Gym Kings
A youtube video made me remember a clique of kids in highschool who didn't know they were a clique. They didn't know because me and my clique never told them.This is the link. I don't recommend watching it, though. It's a real peice of shit video.
We called them Gym Kings. They were guys and girls who, because they were never good enough to play on real sports teams, made gym class their sole forum for acheiving athletic glory. Always the de facto captians in flag football and always willing to peg the deaf kid in a tight game of battle pins, the Gym Kings believed that legends were made in those twenty minutes before fourth period lunch.

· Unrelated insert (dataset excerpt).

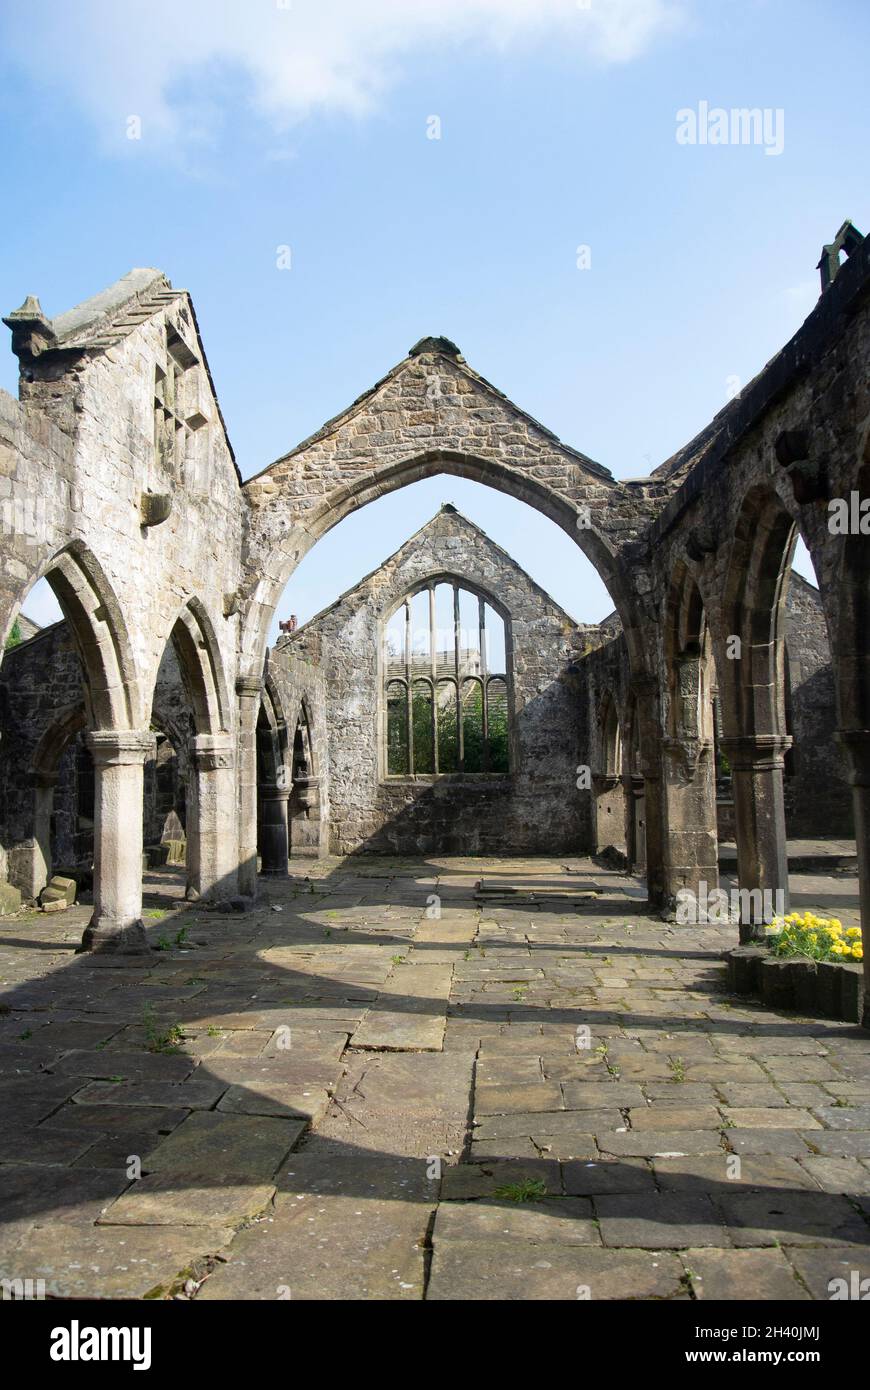 Heptonstall, Yorkshire rovine della storica chiesa di San Tommaso nel cuore di questo piccolo villaggio affascinante foto verticale Foto Stock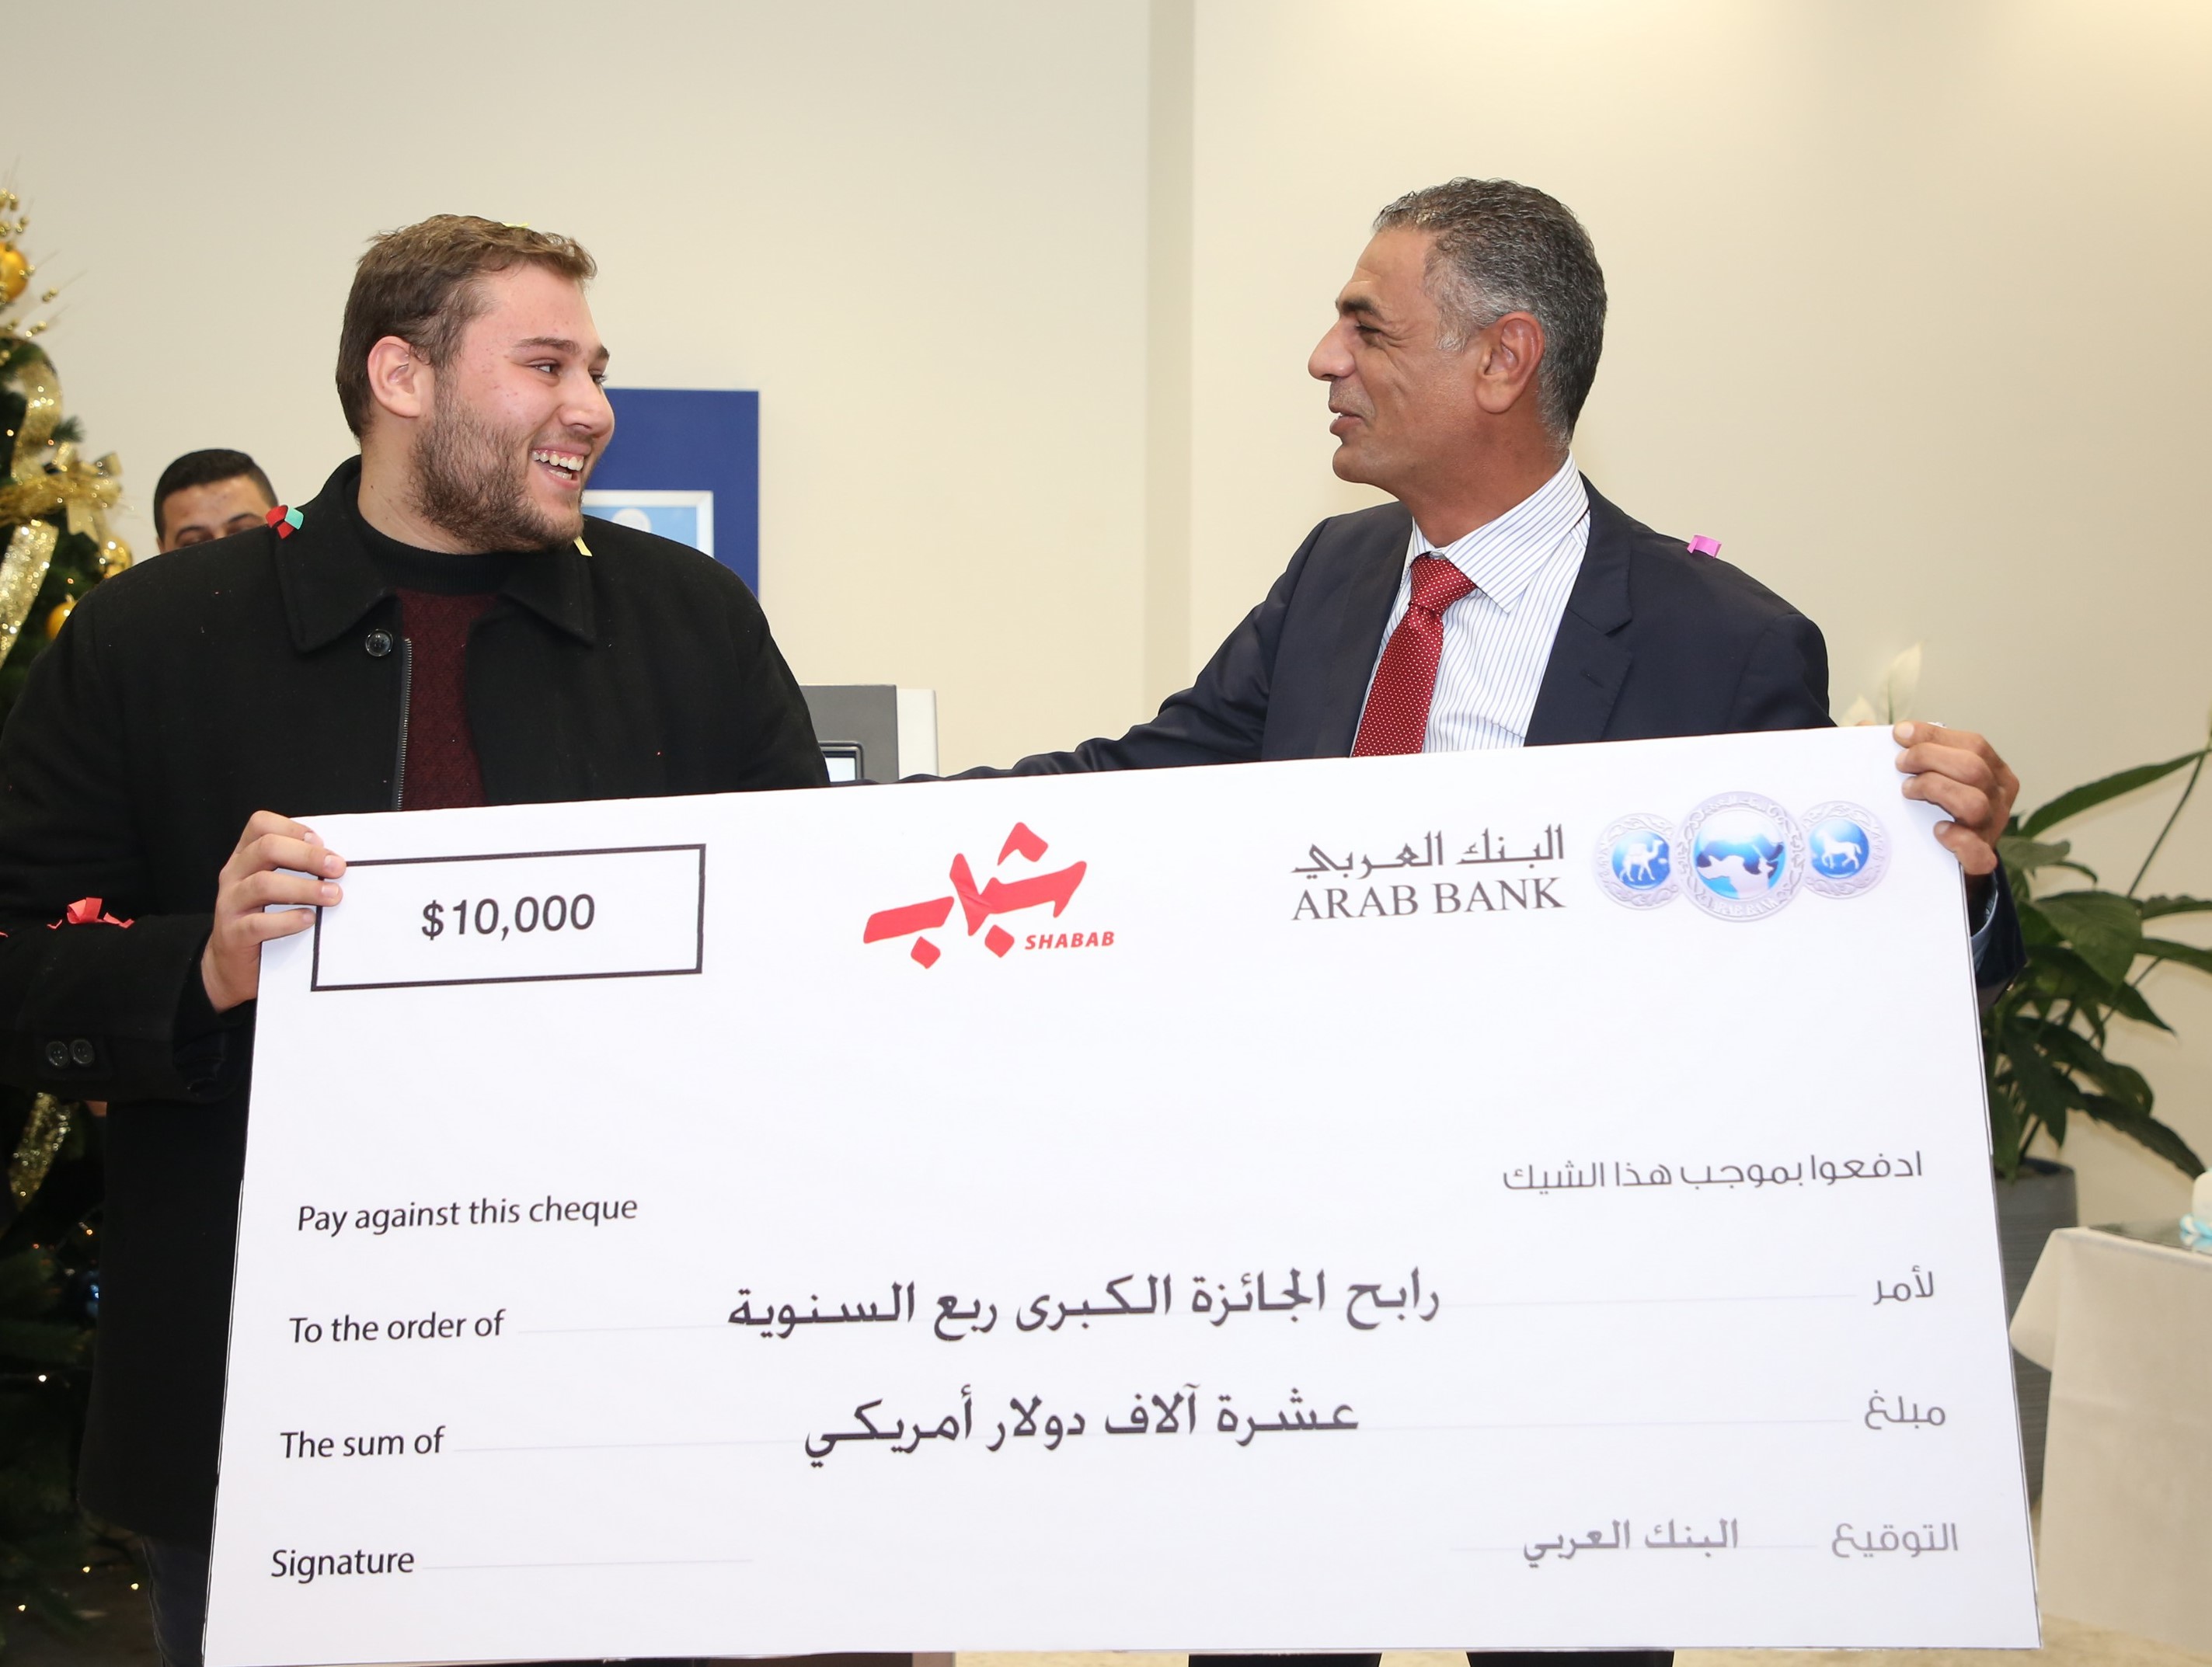 البنك العربي يعلن عن اسم الفائز بالجائزة الكبرى الربع سنوية مع "برنامج شباب"

Once in a while, though, there was a reality check. When the actual captain of an actual highschool sports team had enough of Gym King-antics (ususally if they felt distracted from flirting with hot freshmen) they would, in a matter of minutes, crush a Gym King's team, so severely, as to make the score board totally irrelevant. After Kenya Johnson busted Sean Delaney's (King of all Gym Kings) nose with a spiked serve that he saw comming, the Gym Kings got the message that there were to be limits on phony bravura.
Those same Gym Kings are now adults in the world. They are not hard to find. They are the ball-busting door men and women at your office, guys who stay sober for karaoke night, they are regular callers on conservative talk radio...
2 Comments:
aaaaaaaaaaahhh memories.
what did you call the people who got out of going to gym class on every possible occasion for "female troubles." i had dodge ball trauma what can i say?
Lisa
We called them--everybody else. Gym was LAME!!